▶ **ASSIGNMENT**
Repeat the listing exactly. Pictures stay out of your copy.

▶ **DATA EXTRACT**
——————
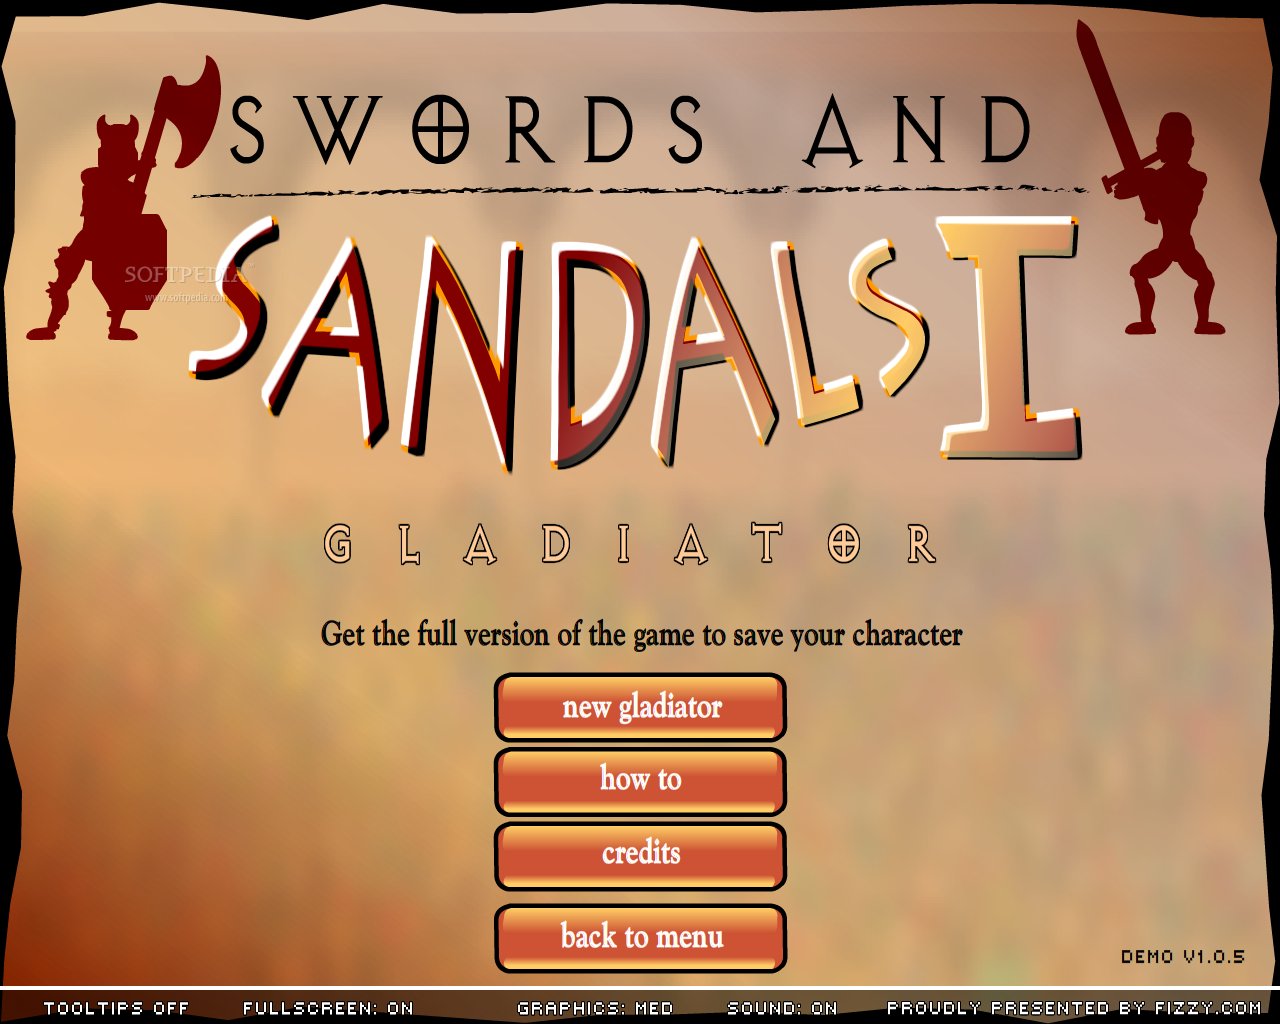 swords and sandals 3 glitches
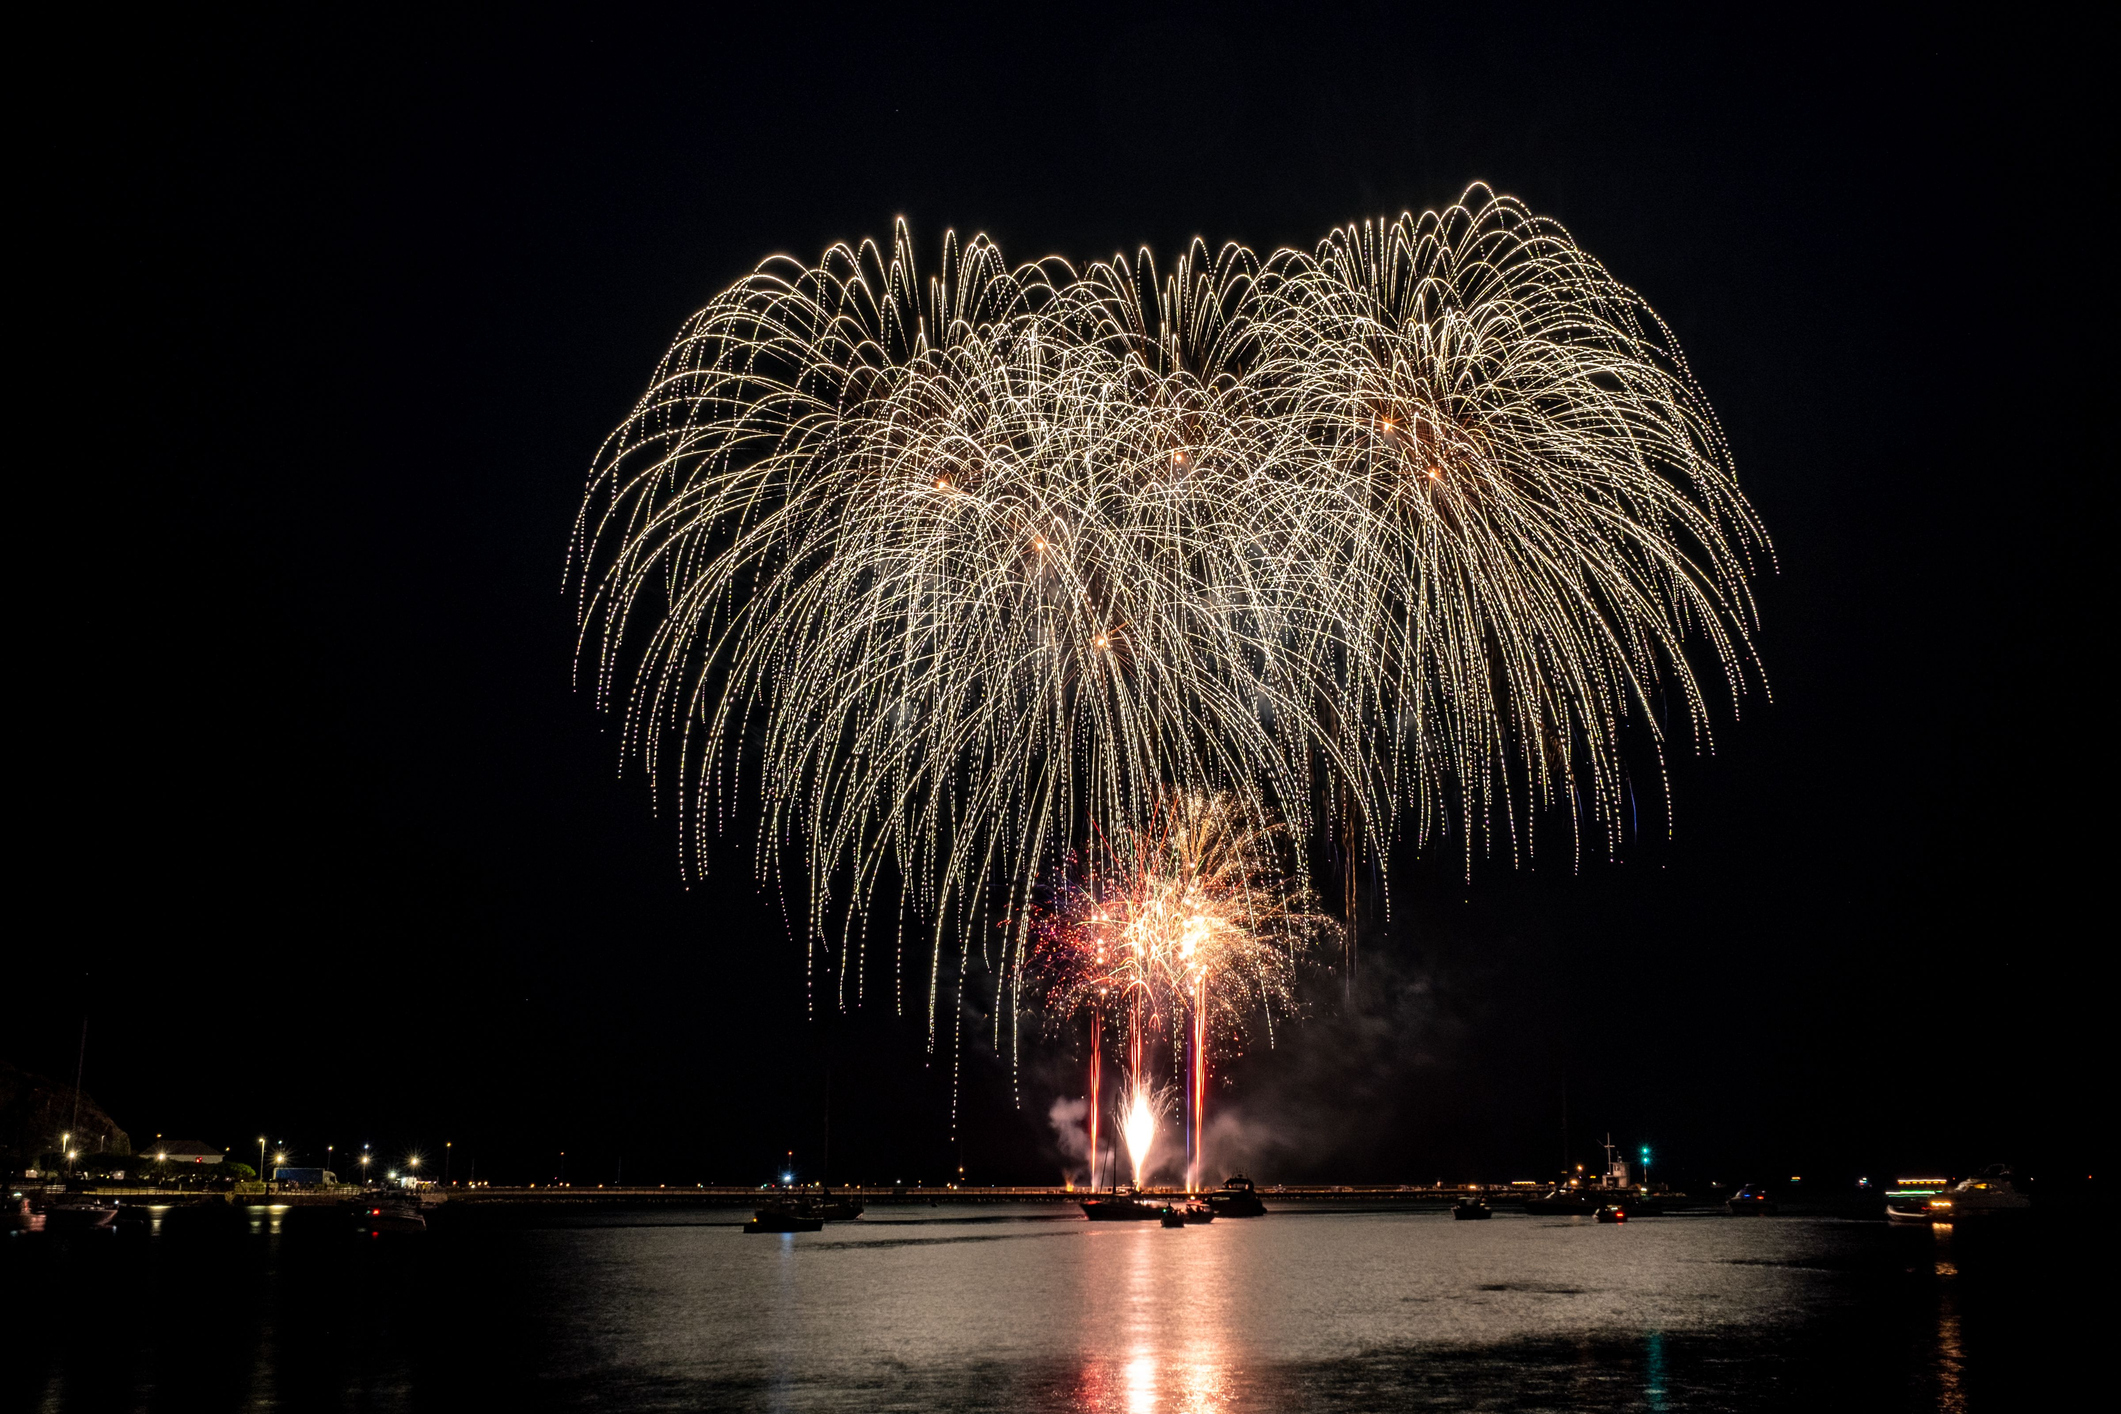 Fireworks bloom over the water against a black sky.
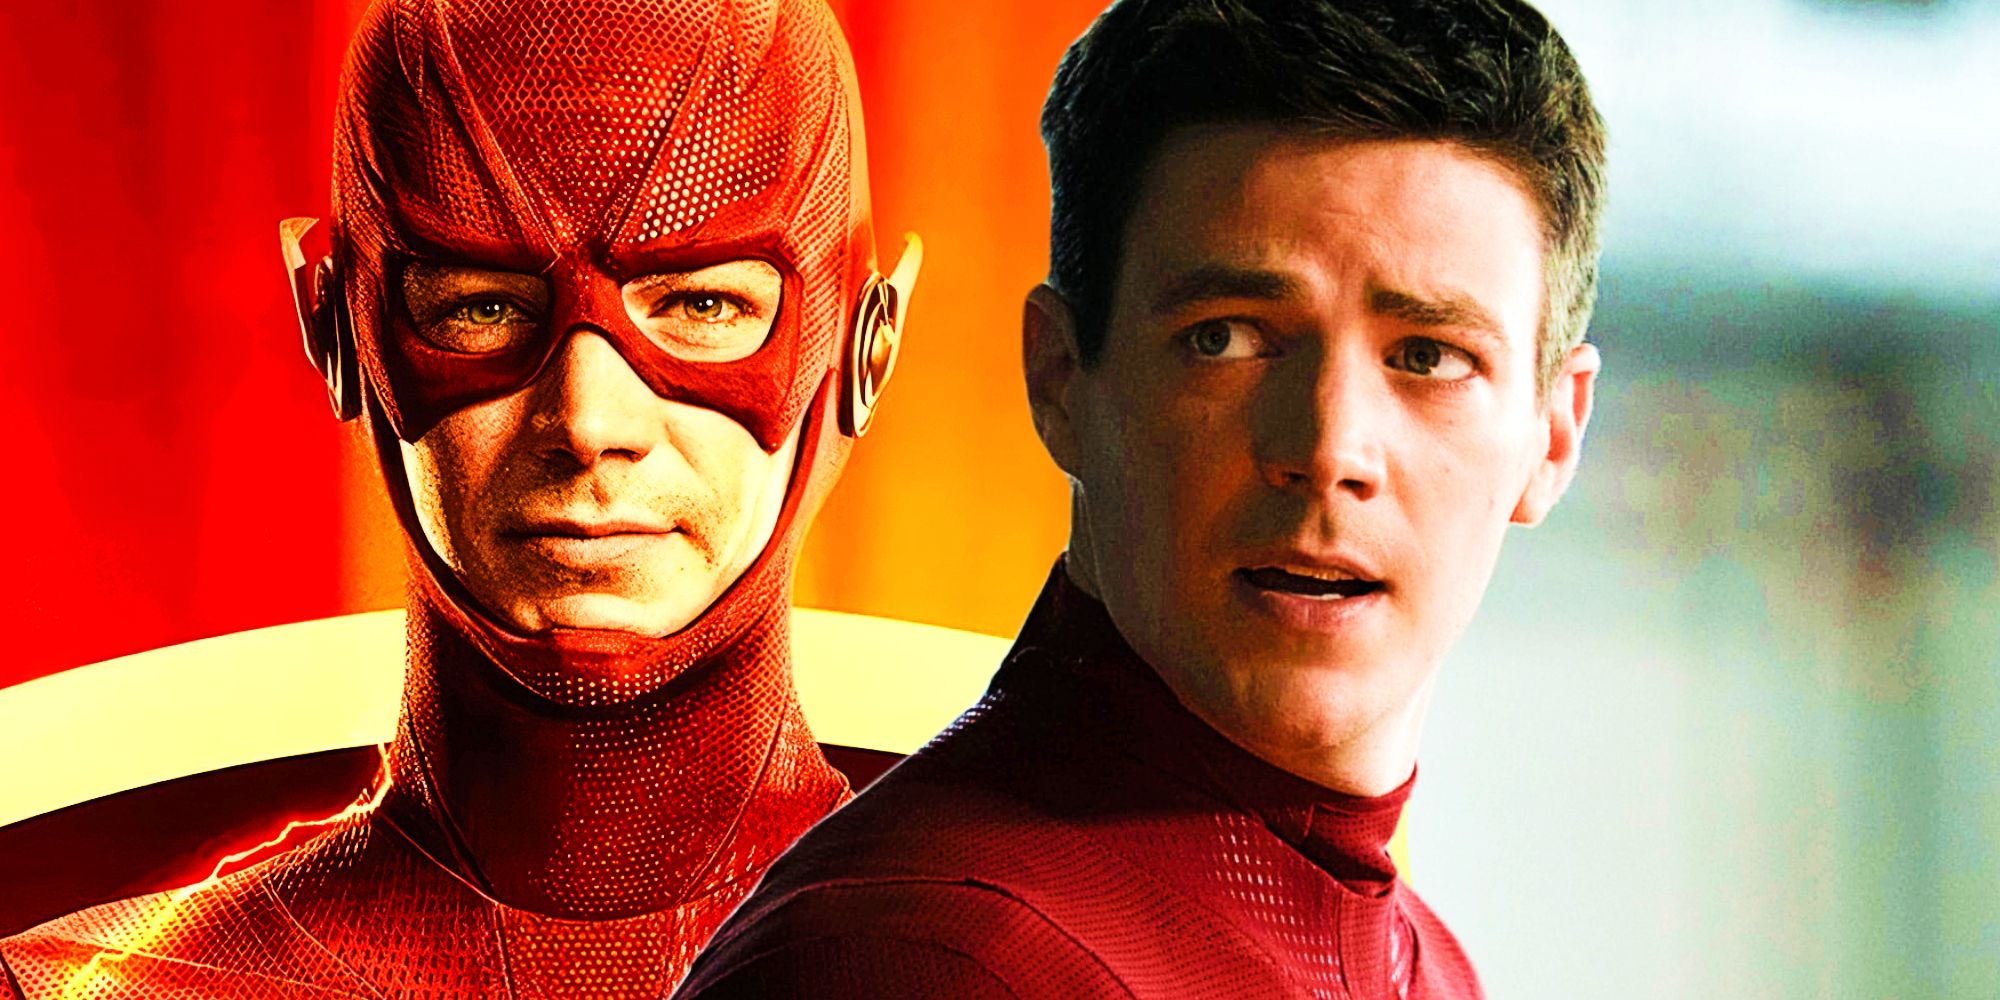 The Flash season 9 poster and Grant Gustin as Barry Allen
——————
▶ **SOLUTION BELOW**
 swords and sandals 3 glitches
 Fireworks bloom over the water against a black sky.
 The Flash season 9 poster and Grant Gustin as Barry Allen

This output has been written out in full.